Aim of the exercise | From the first line of the listing to the last, set down everything exactly, but skip the images.

-- Data follows --

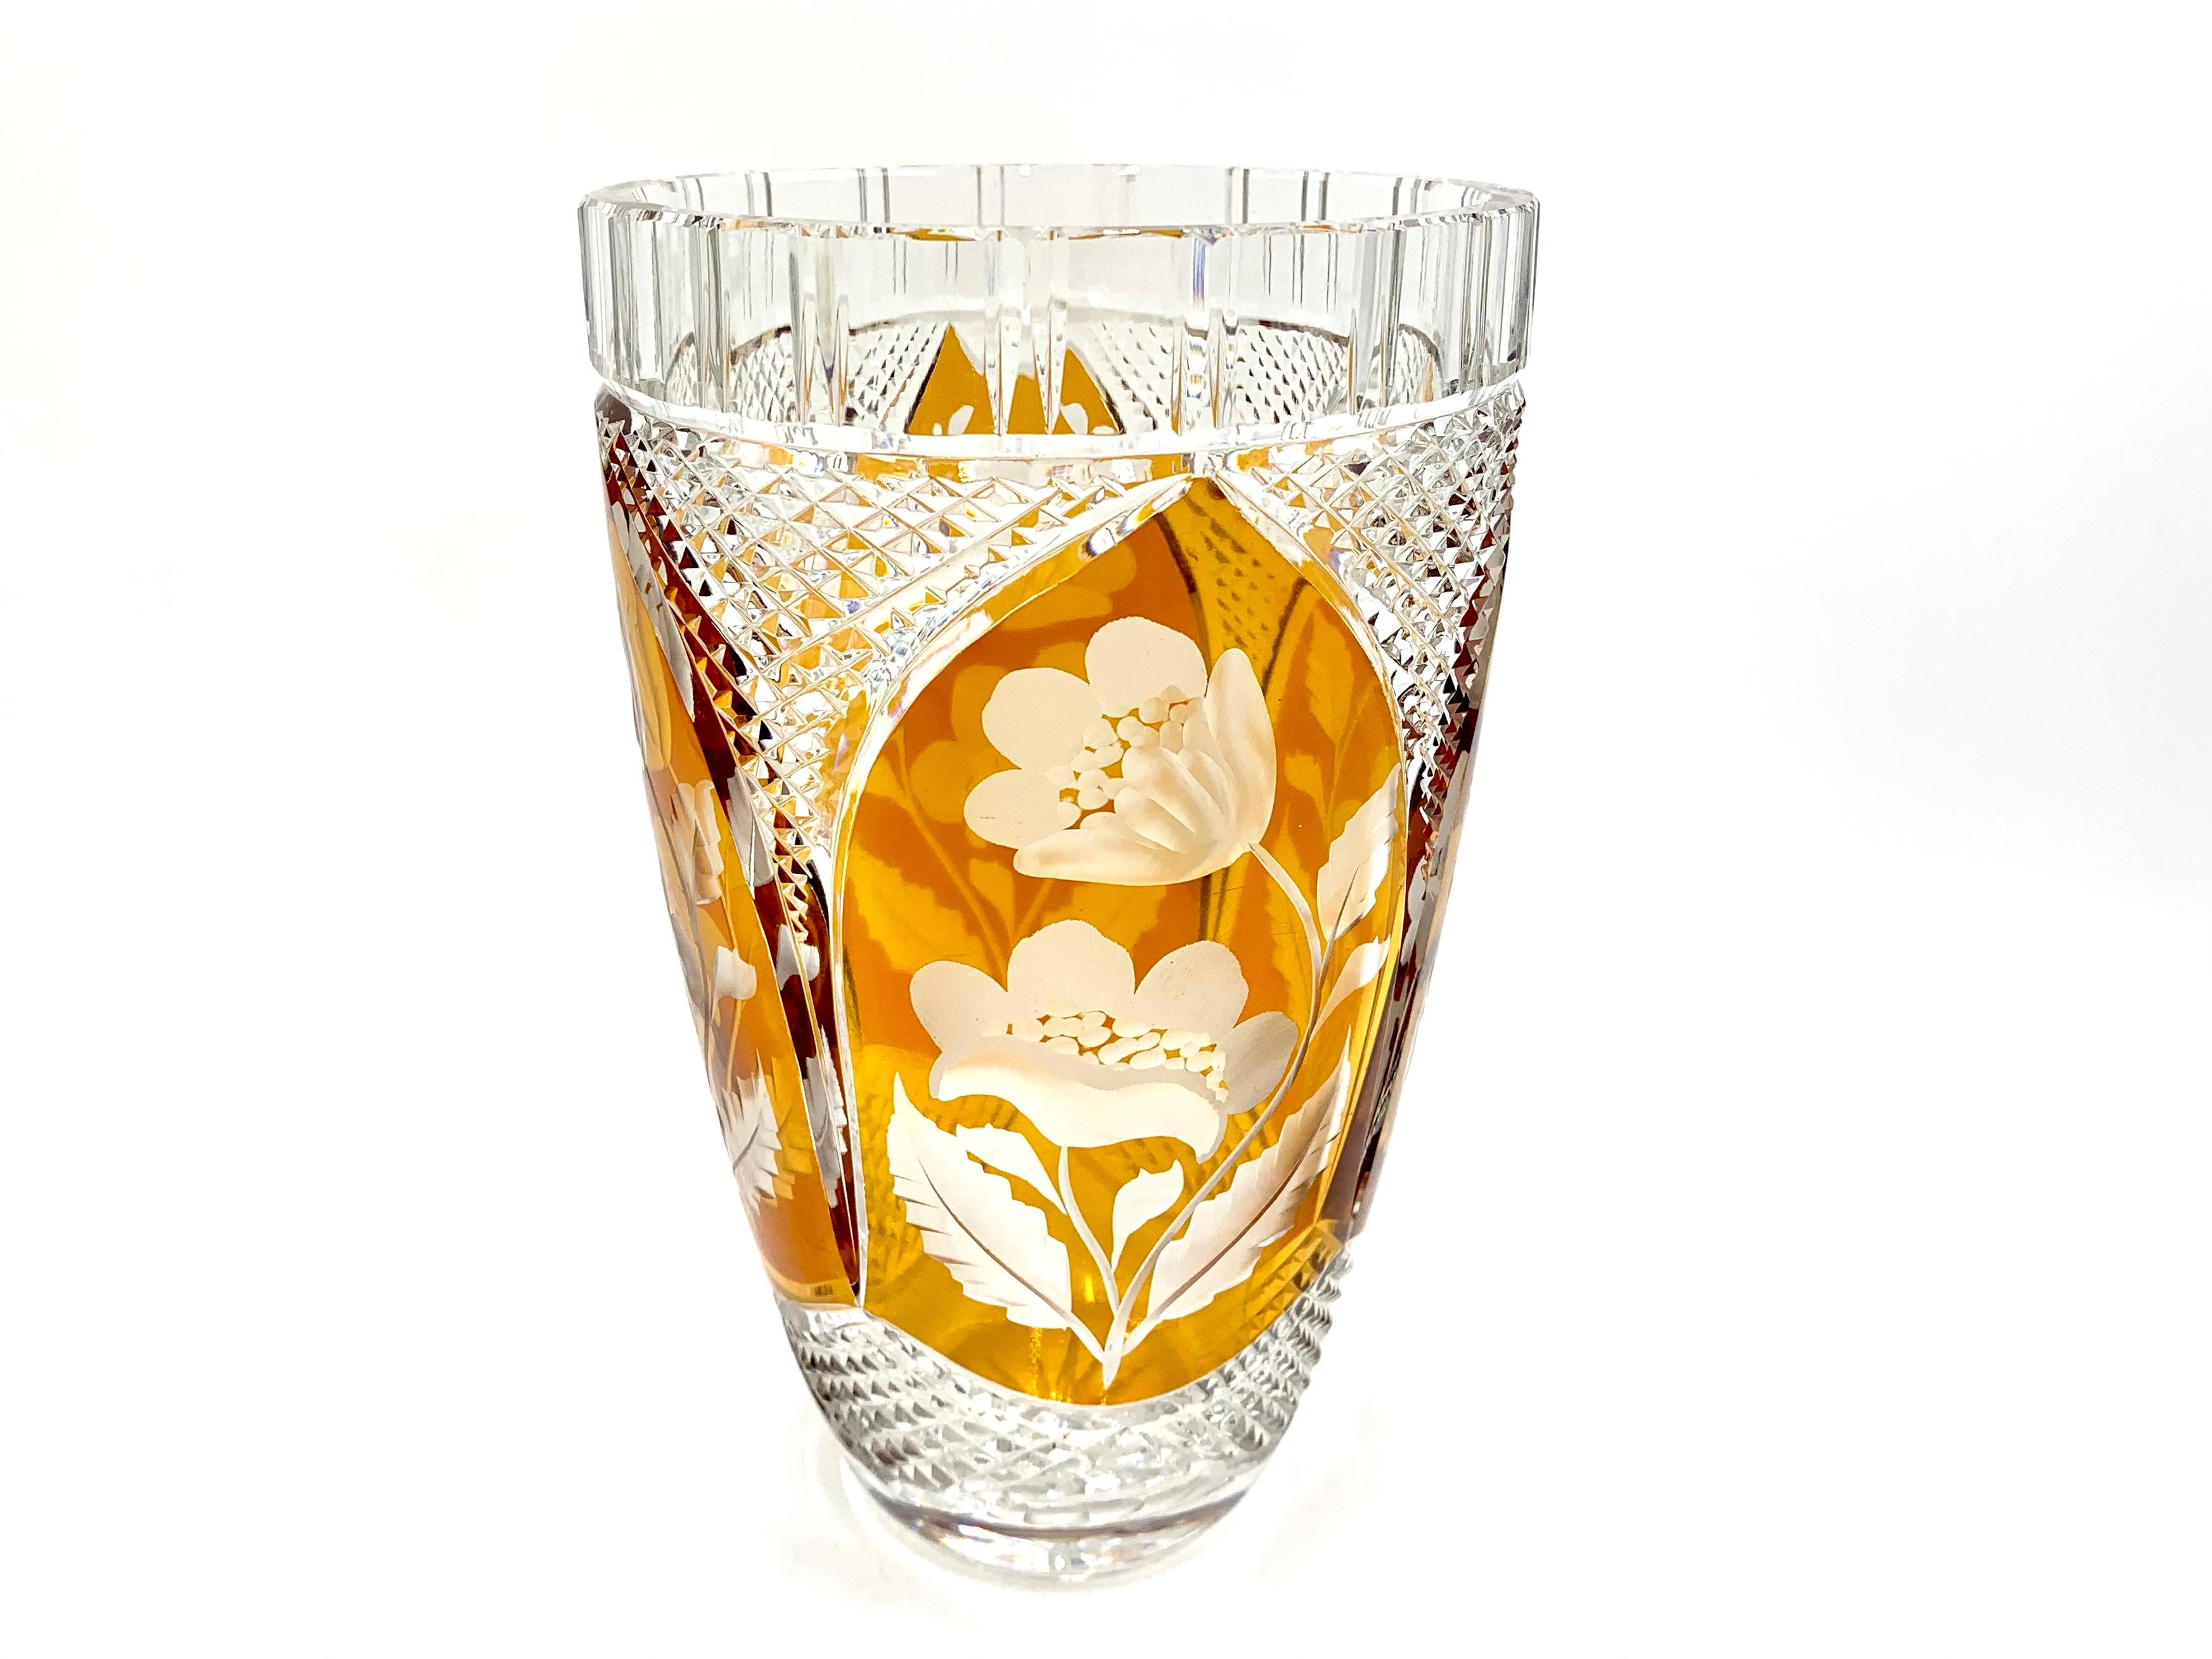 Vase en cristal avec verre et motif de miel. Produit en Pologne par la verrerie Julia dans les années 1960.

Très bon état

hauteur 31cm, diamètre 11cm.

-- Data concluded --

Solution to this task |
 Vase en cristal avec verre et motif de miel. Produit en Pologne par la verrerie Julia dans les années 1960.

Très bon état

hauteur 31cm, diamètre 11cm.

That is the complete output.